La «fretta» e il Parlamento
La battaglia riprende martedì. E Pietro Ichino è già lancia in resta. Un altro dei suoi cavalli di battaglia – il contratto di ricollocazione che consente alle agenzie interinali di incassare i voucher se riescono a trovare un lavoro a chi è stato licenziato – nel testo consegnato al parlamento mercoledì ha subito due modifiche. È stato spostato dal primo al secondo decreto perché «necessita di un parere della conferenza Stato-Regioni» ed è stato «manipolato» da «qualche dirigente ministeriale» che ne vuole limitare l’uso solo a chi «abbia subito un licenziamento per motivo oggettivo certificato da un giudice»: una «platea ristrettissima» rispetto alla miriade di licenziati che ci sarà.
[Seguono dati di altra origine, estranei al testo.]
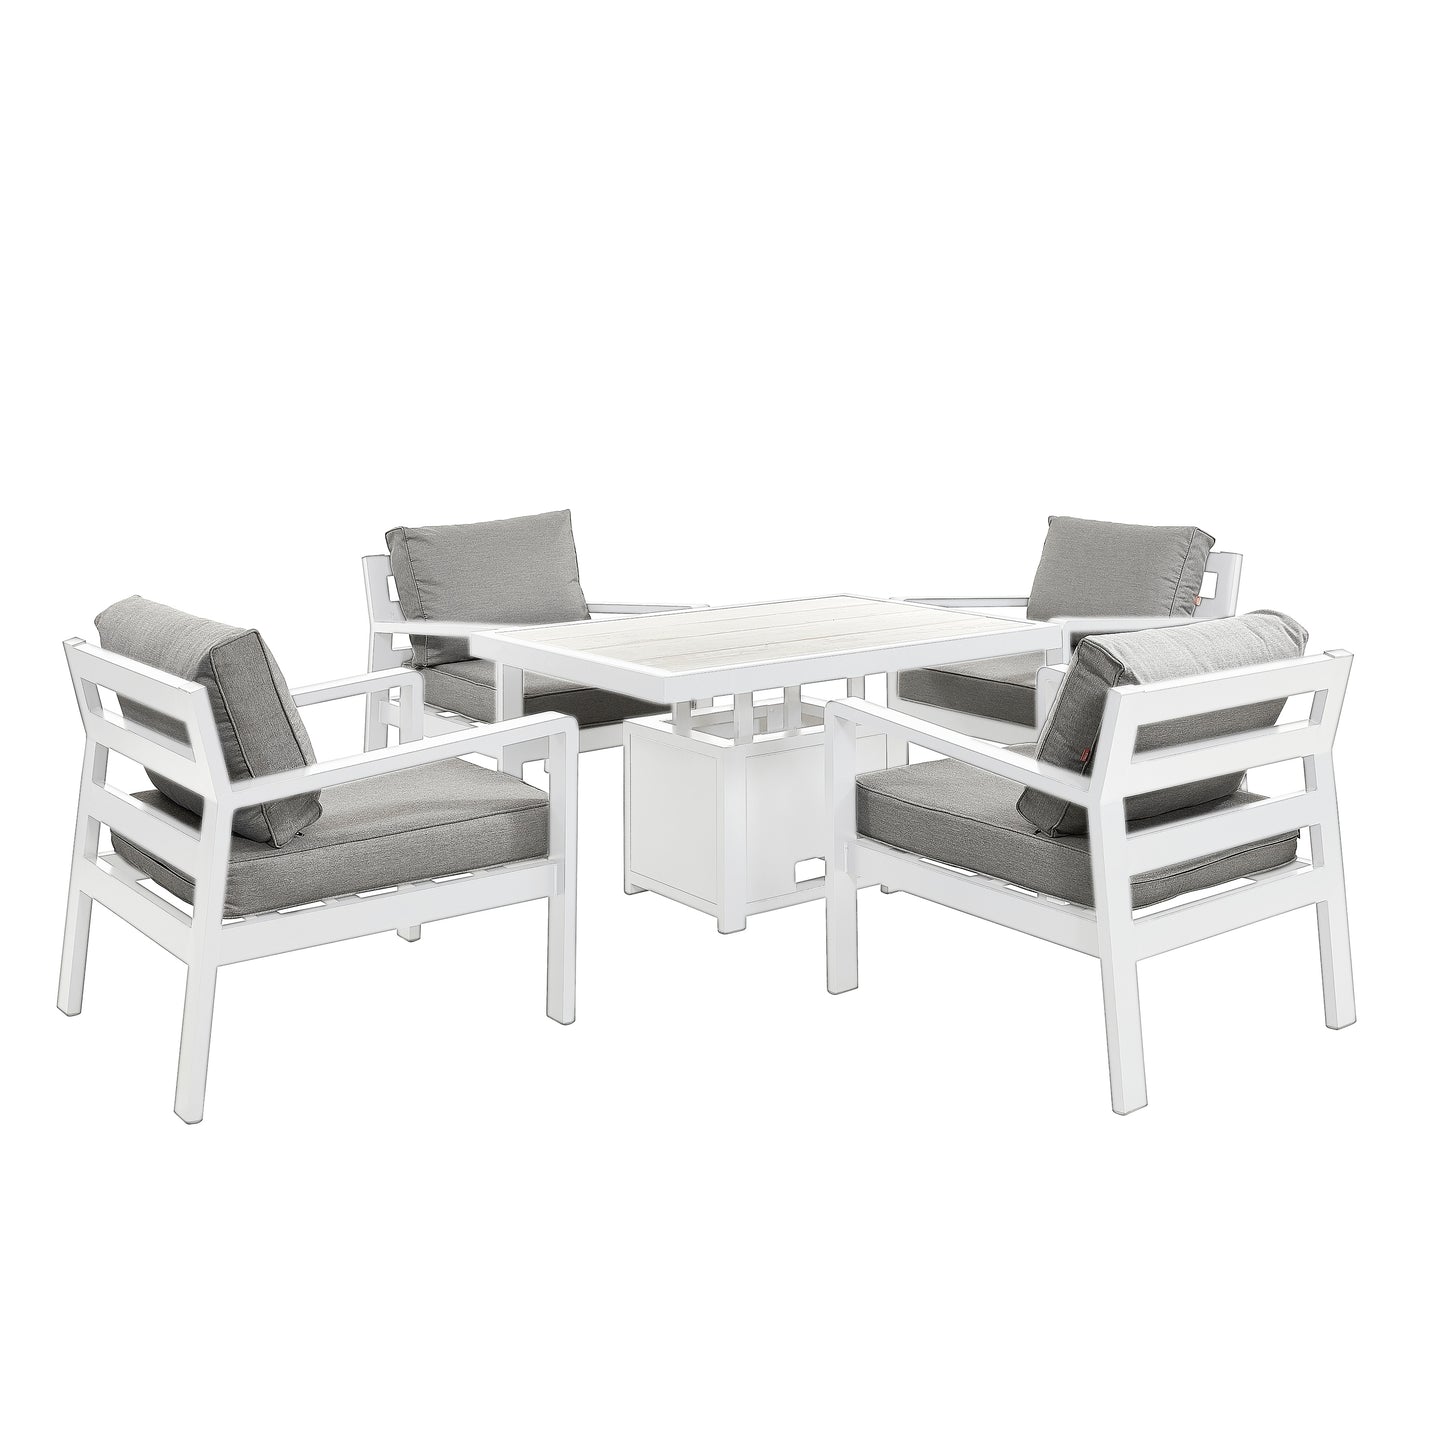 HEX Living - Tutbury Dual Height Rectangular Table with Four Chairs

Oltre a questo ripristino del testo originale, la parola d’ordine di Ichino – spalleggiato da Maurizio Sacconi che presiede la commissione lavoro al Senato – è una sola: fretta. Per loro le commissioni devono esprimere il parere «consultivo» – non vincolante – entro «la settimana». La fretta è dovuta alla richiesta di Confindustria: le imprese attendono l’entrata in vigore del contratto a tutele crescenti per poter assumere sfruttando gli sgravi fiscali – 100% di decontribuzione Inps per 3 anni, esclusione dalla base imponibile Irap riferita al costo del lavoro. Dopo un anno – e fino a tre – se licenzieranno le stesse persone assunte, ci avranno comunque guadagnato.

Mediazione in perdita
Di parere opposto è Cesare Damiano, che guida la commissione della Camera. Come presidente ha accettato subito di fare audizioni delle parti sociali – allungando i tempi- e chiede modifiche su almeno tre punti – «eliminazione dell’estensione delle norme ai contratti collettivi (vero colpo di mano nei decreti, ndr), ripristino del riferimento alle tipizzazioni dei contratti collettivi per le sanzioni conservative in caso di licenziamento disciplinare e innalzamento da 4 a 6 mesi dell’indennità minima in sostituzione della reintegra». Tutti punti che avvicinerebbero il testo alla mediazione uscita dalla direzione Pd del 29 setttembre scorso.

Peccato che da quel giorno le cose sono peggiorate – per i lavoratori. Ed è quasi certo che Renzi e il consiglio dei ministri a metà febbraio ignoreranno bellamente qualsiasi parere parlamentare. Come ormai da consolidata prassi governativa.